### [INFORMATION GIVEN]

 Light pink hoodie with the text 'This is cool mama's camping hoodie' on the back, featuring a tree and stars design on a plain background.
---
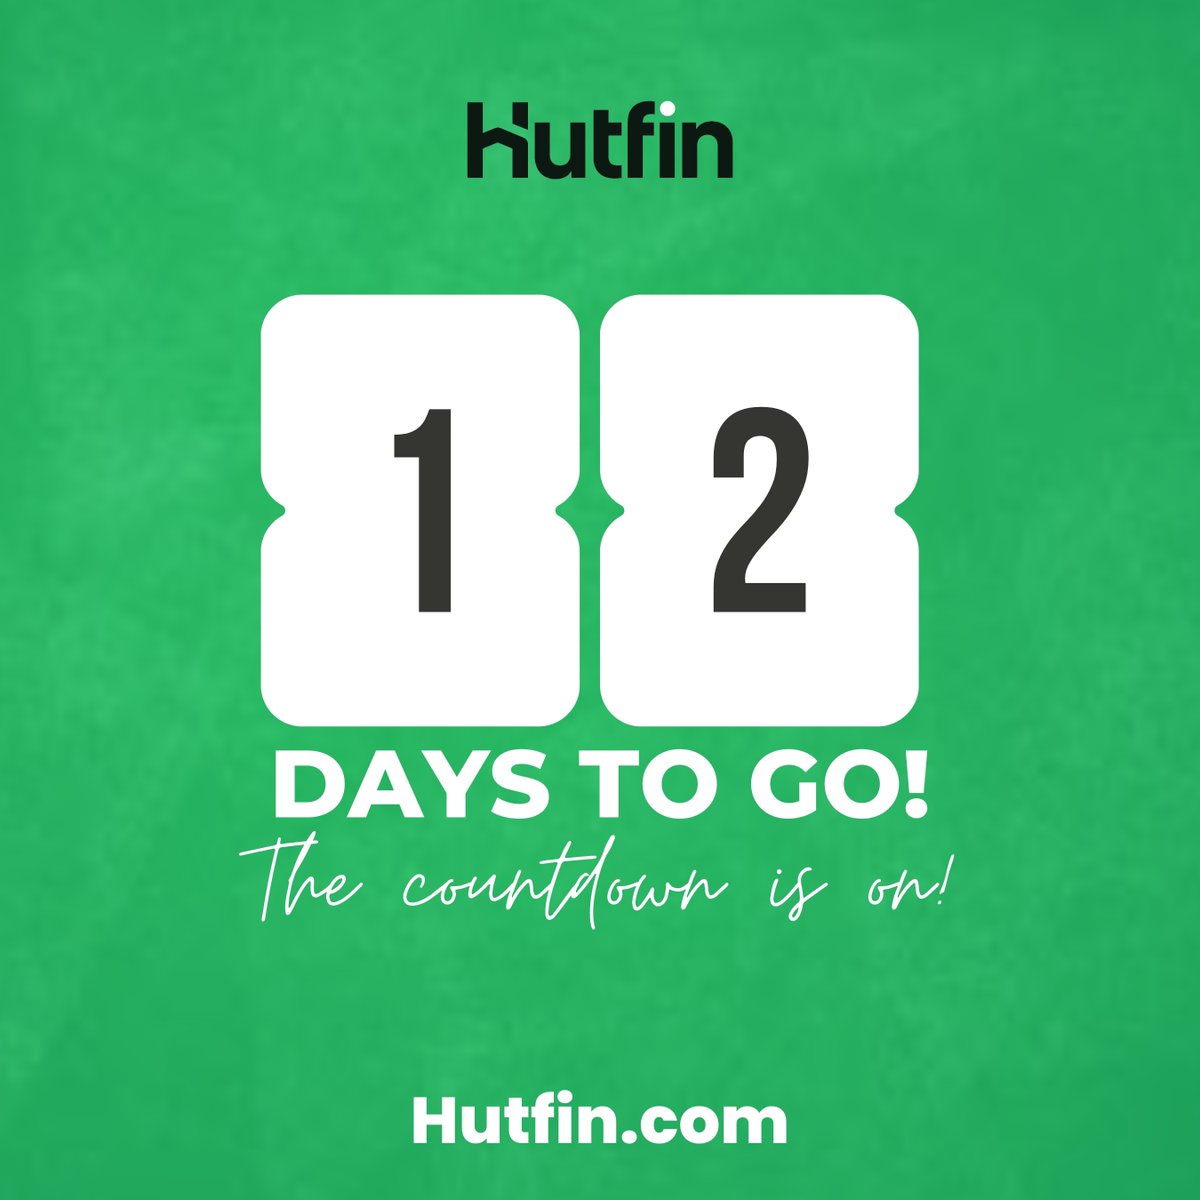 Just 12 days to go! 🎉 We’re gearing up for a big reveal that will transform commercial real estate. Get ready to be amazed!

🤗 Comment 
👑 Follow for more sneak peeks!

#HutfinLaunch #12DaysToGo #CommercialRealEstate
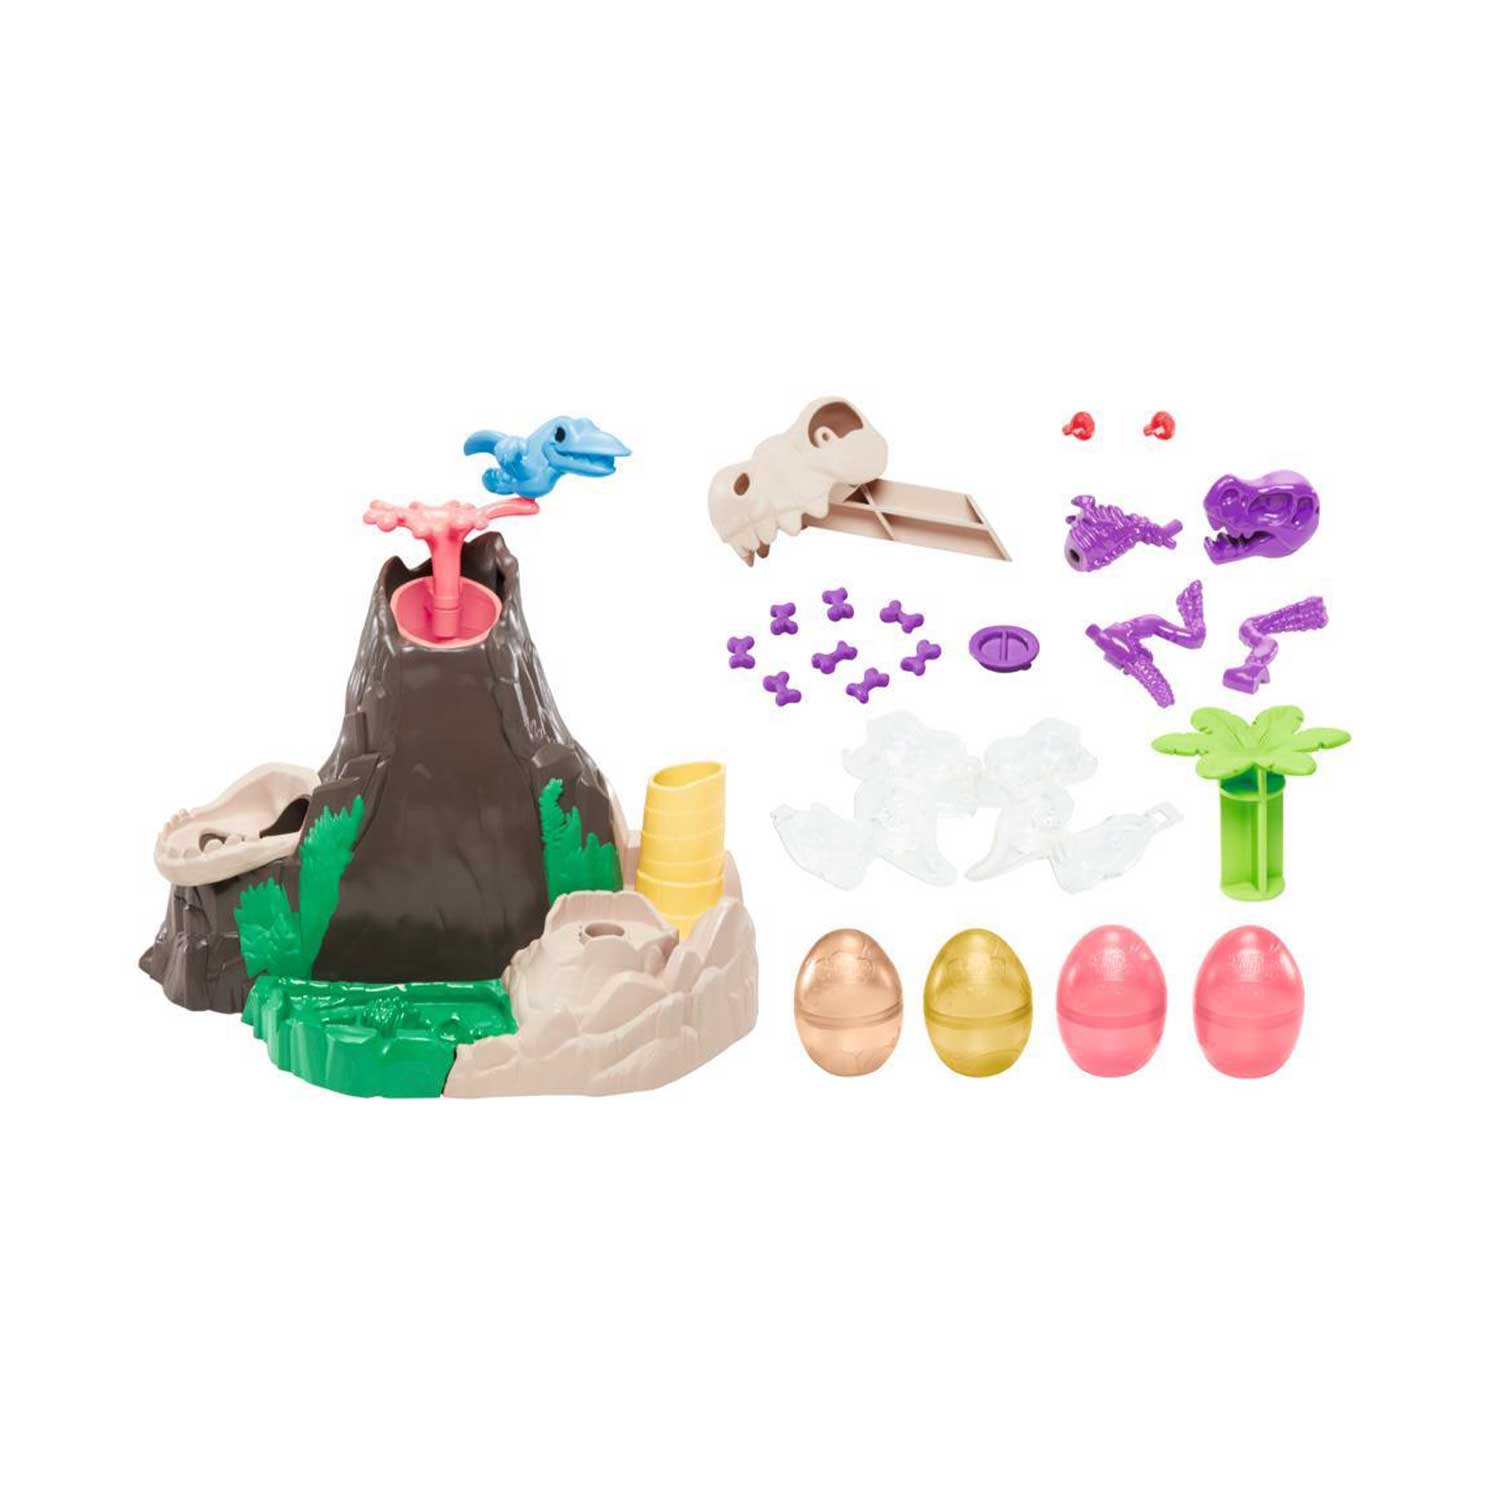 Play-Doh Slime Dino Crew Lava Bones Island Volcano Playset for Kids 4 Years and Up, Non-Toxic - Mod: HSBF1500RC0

### [EXERCISE INSTRUCTIONS]
After locating the line containing "#HutfinLaunch #12DaysToGo #CommercialRealEstate" in the entries above, return it and every line after it exactly, ending at the line containing "Play-Doh Slime Dino", without pictures.

### [TASK OUTPUT]
#HutfinLaunch #12DaysToGo #CommercialRealEstate
 Play-Doh Slime Dino Crew Lava Bones Island Volcano Playset for Kids 4 Years and Up, Non-Toxic - Mod: HSBF1500RC0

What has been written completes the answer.